# How to properly set a trailer and load a boat



## Buddychrist (Jul 22, 2012)

Because of a request I am posting how my boats are set to get proper centering every time. 

I have never kept rollers because I just flat out don't like them I manage to do better with the regular bunks and some PVC guides

Both have carpeted bunks and I load them both very similar, the Jon boat is so light I can just pull it onto the trailer since I haven't put guides on it yet but they will be installed as soon as I get the money to do so.

The SeaPro is a 19' and weighs too much to just pull it onto the trailer so If you are thinking about getting carpeted bunks and PVC guides this is how you properly load your boat.

Back the trailer down until 1-2ft of the bunk is into the water because of the water lifting the boat as long as you have just enough bunk into the water to get the front raised onto the trailer you let the motor do the rest of the work. This way your boat will have more hull sitting onto the trailer and will keep it centered. The guides are for if you are on a river you can use them to pivot the boat onto the trailer, guides should only be a half inch or so on either side of the boat when it is perfectly centered, I personally used a ratchet to get my SeaPro centered to set the guides at the right distance.

Once you get the boat on the trailer if you were standing off to one side and the boat isn't centered then all you have to do is back the trailer down another foot or two and that will let the guides get the boat almost dead center within 1" 

The people who back wayyy down into the water have no clue what they are doing when it comes to loading a boat. 

I hope this helps guys!


----------



## nimmor (Jul 23, 2012)

I'll back mine all the way in to get the bunks wet so their slicker and then pul lit out to where I need it. This is the 4th trailer and boat combination I have owned and everyone had a differant depth that the trailer needed to be.


----------



## Buddychrist (Jul 23, 2012)

You should have no problem with just the end of the bunk being in the water if your engine is enough to power the boat up onto the trailer it should work great


----------



## donmac (Jul 23, 2012)

nimmor said:


> I'll back mine all the way in to get the bunks wet so their slicker and then pul lit out to where I need it. This is the 4th trailer and boat combination I have owned and everyone had a differant depth that the trailer needed to be.



+1 
I've had over a dozen boats of all shapes and sizes and that sweet spot is usually a little different on each. On all but the smallest of boats/trailers, where I'm not driving on, the norm has been to put most of the bunks in the water.


----------



## Buddychrist (Jul 23, 2012)

I have had a bunch of different boats and I've always just barely backed down until a foot or two of the bunks were in the water. That's how I was taught how to load a boat and it's never let me down. 
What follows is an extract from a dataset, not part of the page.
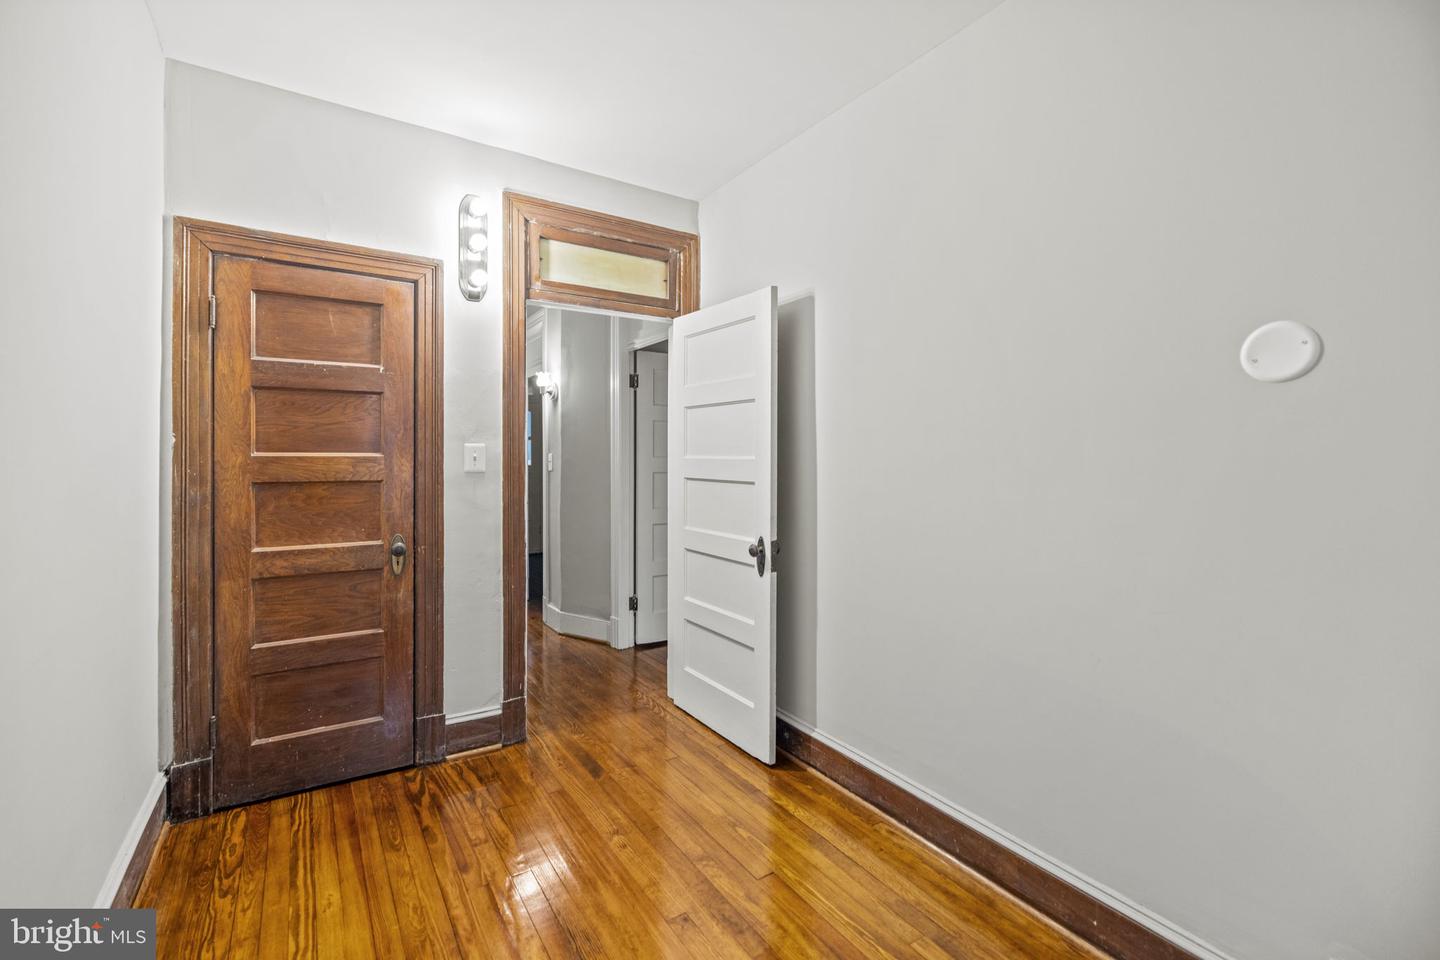 30 W Street NW, Washington, District Of Columbia, 20001, United States, 3 Bedrooms Bedrooms, ,2 BathroomsBathrooms,Residential,For Sale,30 W Street NW,1498717

Give it a shot, your motor should have plenty of power to push it up onto the trailer


----------



## theyyounggun (Jul 23, 2012)

Thats powerloading though. It damages the boat ramp


----------



## Buddychrist (Jul 23, 2012)

theyyounggun said:


> Thats powerloading though. It damages the boat ramp



Sorry but down here we don't have soft bottom boat ramps. We don't have to worry about power loading or not. If you trim your motor up it will not do any damage anyways.


----------



## Tim Murphy (Jul 24, 2012)

Buddychrist said:


> theyyounggun said:
> 
> 
> > Thats powerloading though. It damages the boat ramp
> ...



Dear Buddy,

You can't make a general statement about drive on boat loading being the "only" right way to do things because what you say doesn't apply to an "electric only" lake. Plenty of states have them. Likewise drive on loading won't work on lot of horsepower restricted lakes because 9.9 hp isn't enough to move 1500 - 2000 pounds of boat onto a trailer if the ramp is steep. 
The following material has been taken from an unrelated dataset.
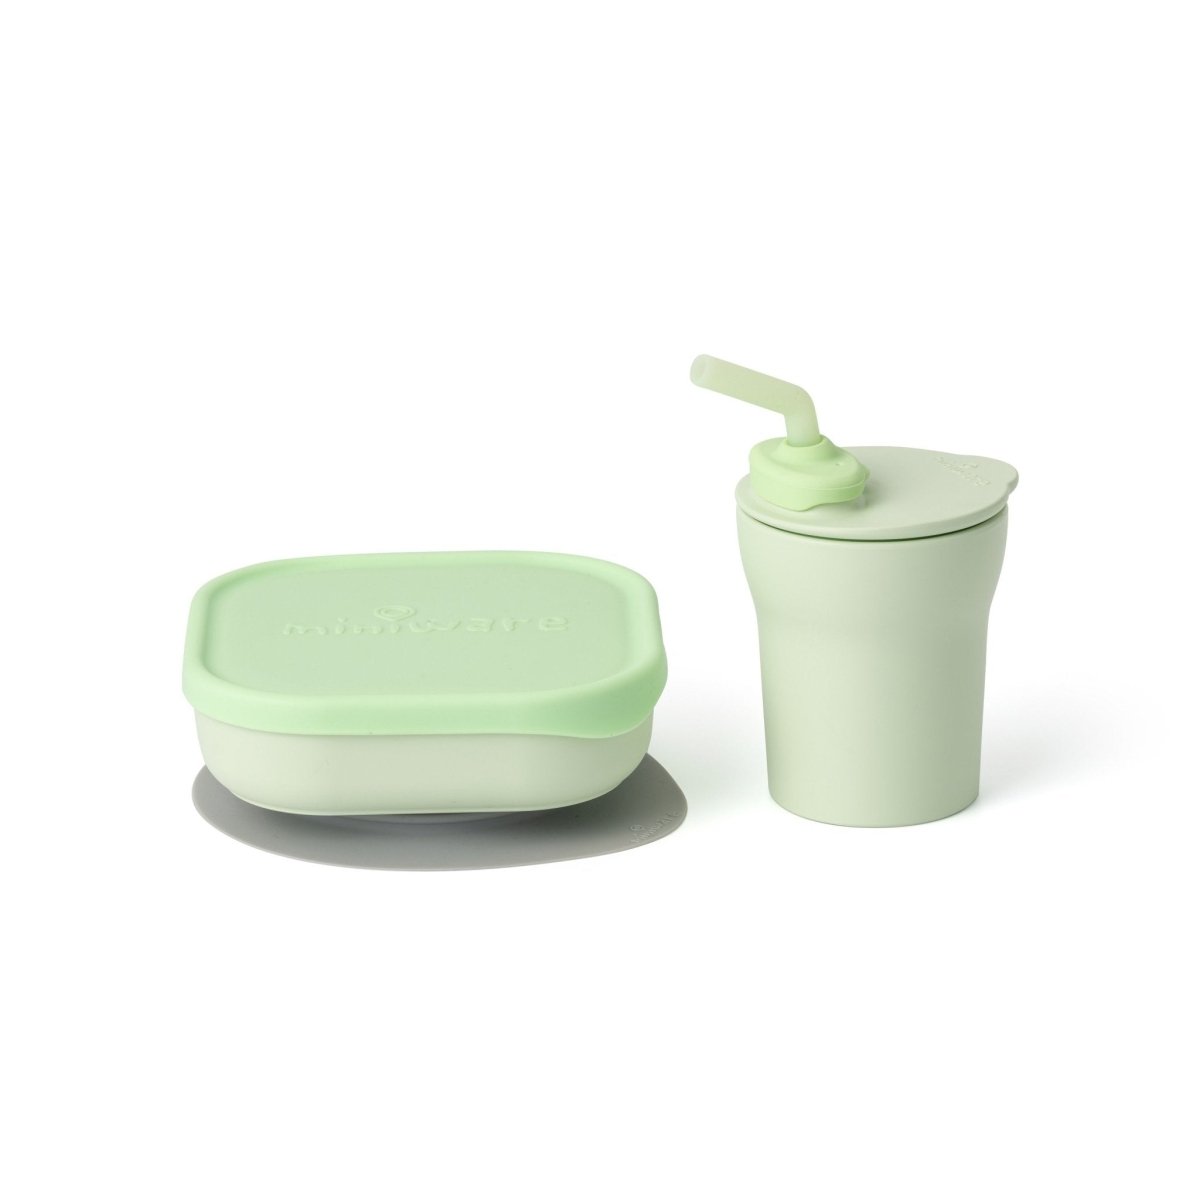 Miniware Suction Bowl with Sippy Cup - Vanilla/Lime - MWSKVK

In those cases if you have a bunk trailer you have no other choice but to float your boat on and off the trailer or else do a lot of pushing and shoving and winching.

One size definitely doesn't fit all.

Regards,

Tim Murphy


----------



## Buddychrist (Jul 24, 2012)

I understand that there are electric only lakes and that doesn't apply here. But if you have problems getting your boat centered on the trailer and you have a gas engine this is how I have always done it. Even with my big boat on a steep grade ramp I have no problems pushing it up on the bunks with just a foot or two in the water. The Jon boat works just as good. This is for people who are having problems getting their boat centered with a gas engine. I didn't think I needed to say that I figured it was understood


----------



## earl60446 (Jul 24, 2012)

No images on the first post for me, no active links either. Just looks like below in a box. Too bad, I wanted to see those magic PVC things.

Attachment:
ImageUploadedByTapatalk1343002025.985755.jpg


----------



## theyyounggun (Jul 24, 2012)

earl60446 said:


> No images on the first post for me, no active links either. Just looks like below in a box. Too bad, I wanted to see those magic PVC things.
> 
> Attachment:
> ImageUploadedByTapatalk1343002025.985755.jpg


+1


----------



## Buddychrist (Jul 24, 2012)

I don't know why the images no longer work. They were fine prior but here they are again.

Here is my Jon boat






Here is my SeaPro with PVC guides














In no way did I say that they were magic. But they do work if you know how to use them.


----------